Complications of Delayed and Newborn Primary Closures of Classic Bladder Exstrophy: Is There a Difference?
Christian C. Morrill, MD1, Roni Manyevitch, MD2, Ahmad Haffar, MD1, Wayland J. Wu, MD1, Kelly T. Harris, MD1, Mahir Maruf, MD1, Chad Crigger, MD1, Heather N. Di Carlo, MD1, John P. Gearhart, MD1.
1Brady Urological Institute, Johns Hopkins University, Baltimore, MD, USA, 2Albany Medical Center, Albany, NY, USA.
BACKGROUND:Treatment of classic bladder exstrophy (CBE) has steadily evolved over the decades, moving from urinary diversion to surgical reconstruction. The classical management of bladder exstrophy advocates for early neonatal closure yet many patients are unsuitable for closure at this time due to competing medical comorbidities, small bladder template, or late referral. Delayed primary closure in these patients have demonstrated unique advantages that have led to its growing popularity in all children with exstrophy. However, recent concerns regarding higher complication rates in delayed vs neonatal repairs challenge its popularity. In this study, authors compare 30-day complication rates between delayed and neonatal closure of CBE patients at a single high-volume exstrophy institution.
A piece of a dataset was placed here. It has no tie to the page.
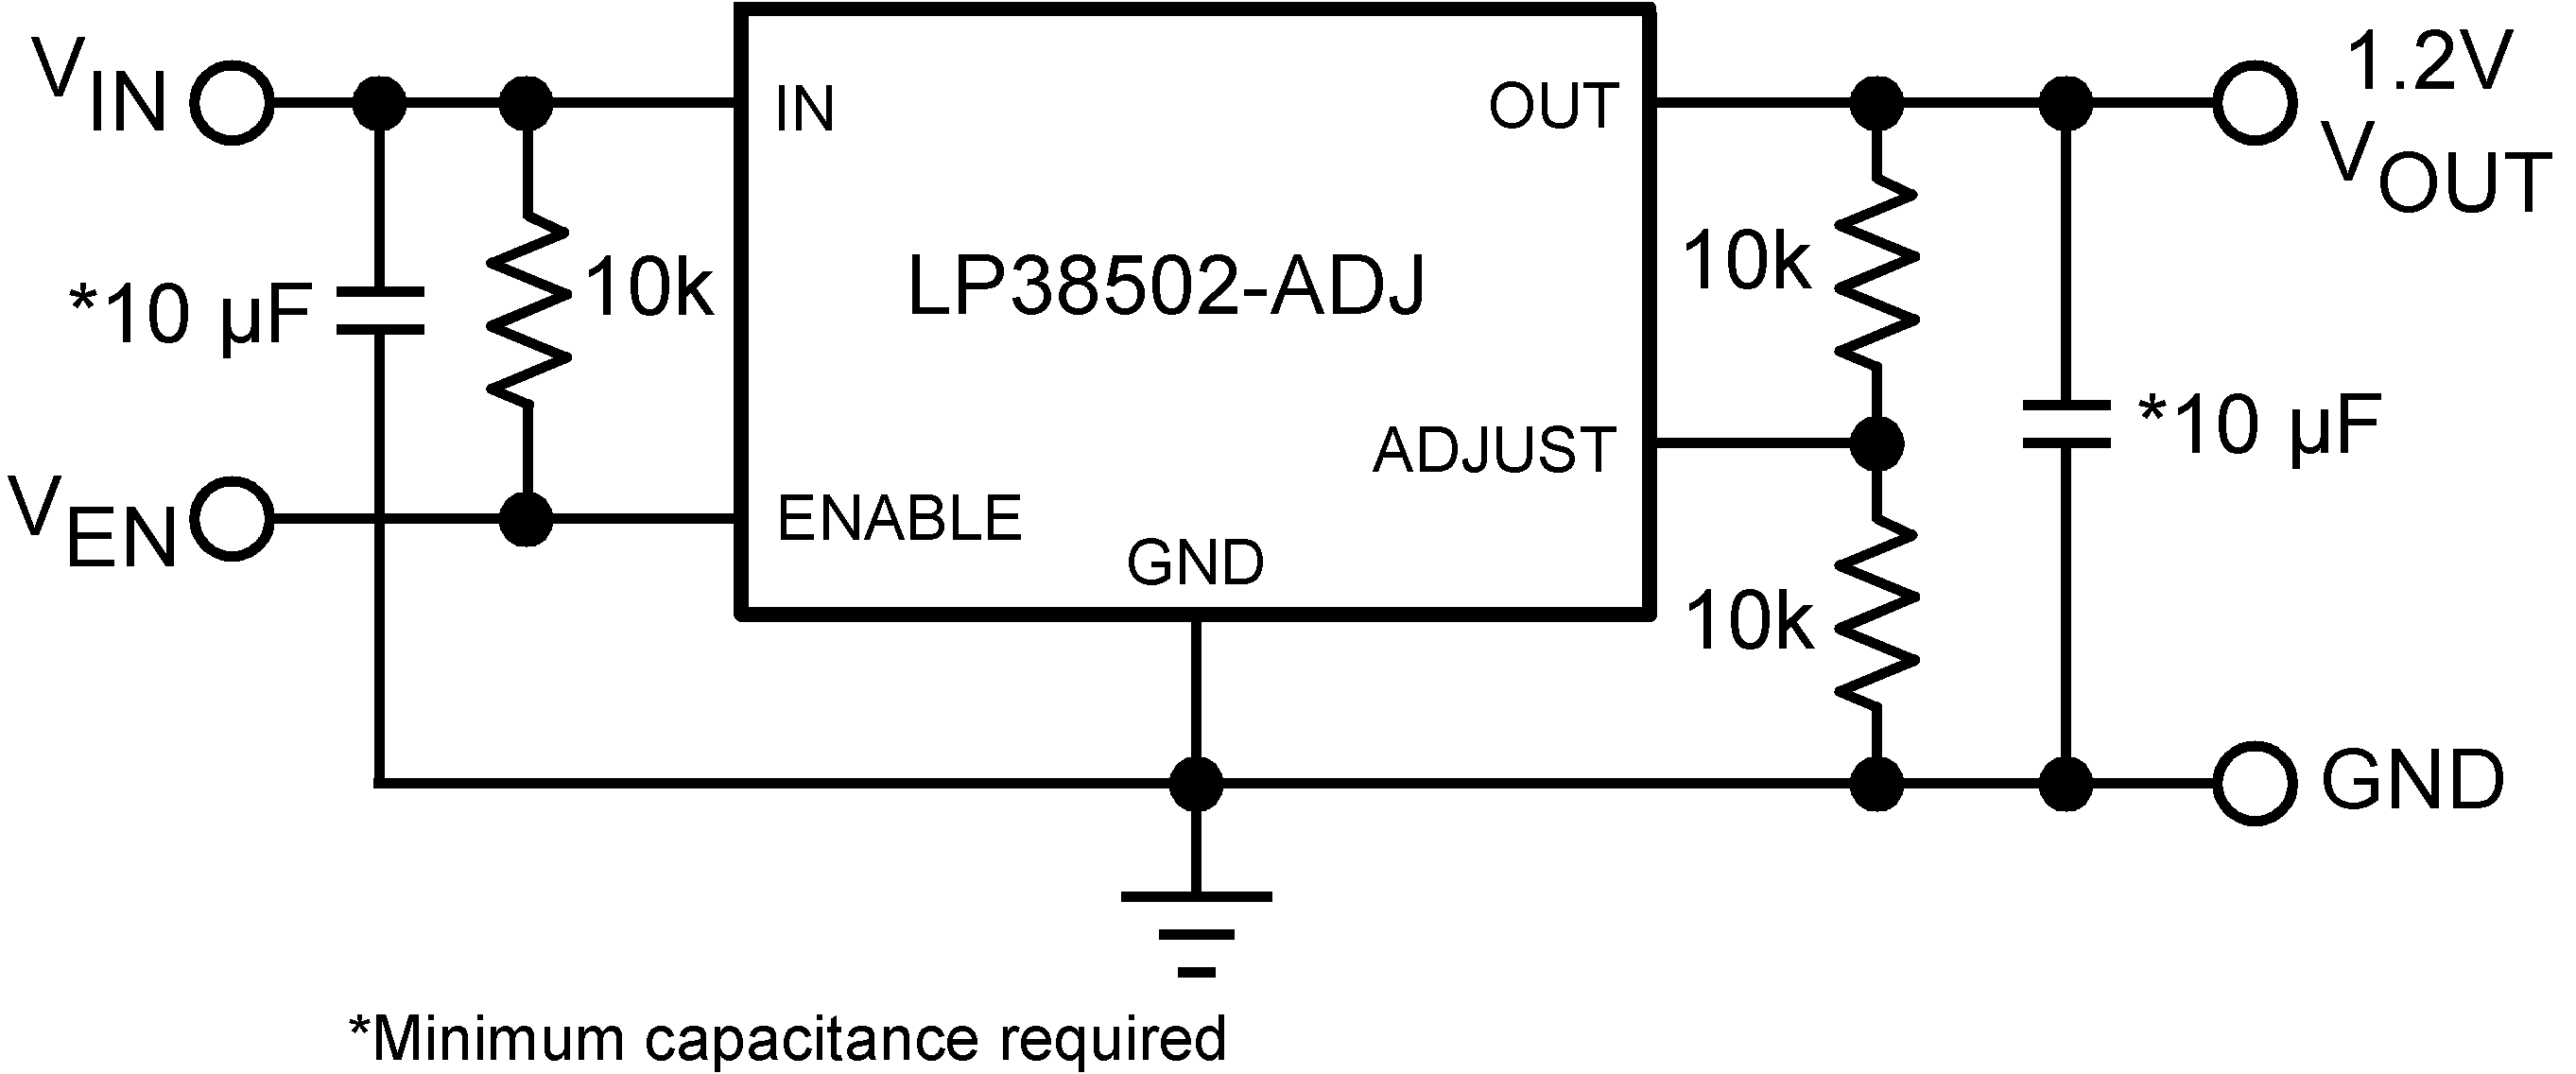 LP38502-ADJ-LP3850x-ADJ, LP3850xA-ADJ 1.5-A Flexcap Low-Dropout Linear Regulator for 2.7-V to 5.5-V Inputs

Methods: An institutional database of 1415 exstrophy-epispadias patients was reviewed retrospectively for CBE patients who underwent primary closures at the authors' institution between 1990 and 2020. Patients were identified as having received either neonatal or delayed (at age >28 days) closures. All 30-day complications were recorded, including wound infection and dehiscence, genitourinary and non-genitourinary infections, bowel obstruction, blood transfusions, and others. Descriptive statistics were performed to summarize patient level data. Categorical variables were reported by count and percentages and were compared using Exact Cochran-Armitage trend analysis by decade, or with Fisher's Exact Test and Chi-square test when directly comparing categories and outcomes. Continuous variables were analyzed via Mann Whitney U and one-way ANOVA as appropriate.
Results: The cohort included 145 patients: 50 delayed and 95 neonatal closures. The total complication rate was 58% in delayed closures compared to 48.4% for neonatal closures (p = 0.298), with the majority being Clavien-Dindo grade I or II. Excluding blood transfusion, complication rates fell to 26% and 34.7% in delayed and neonatal closures, respectively (p = 0.349). The most common single complication was unplanned post-operative blood transfusion (38% delayed; 26.3% neonatal; p = 0.34), followed by pyelonephritis (2% delayed; 8.4% neonatal), and urinary fistula (6% delayed; 1.1% neonatal). Grade III Clavien-Dindo complications occurred in 2% delayed and 7.4% neonatal groups (n = 1; n = 7 respectively; p = 0.263). A single delayed patient had grade IV complications compared to three neonatal patients (p = 0.66).
CONCLUSIONS:
Delayed primary closure has become a frequently performed alternative in the modern treatment of bladder exstrophy for patients who do not undergo newborn closure because of prohibitive circumstances or surgeon's discretion. The majority of the complications associated with delayed closure are a low Clavien-Dindo grade and easily managed during the postoperative inpatient hospital stay. Families should be counseled about the possibility of minor, conservatively managed complications and likelihood of a blood transfusion with osteotomy.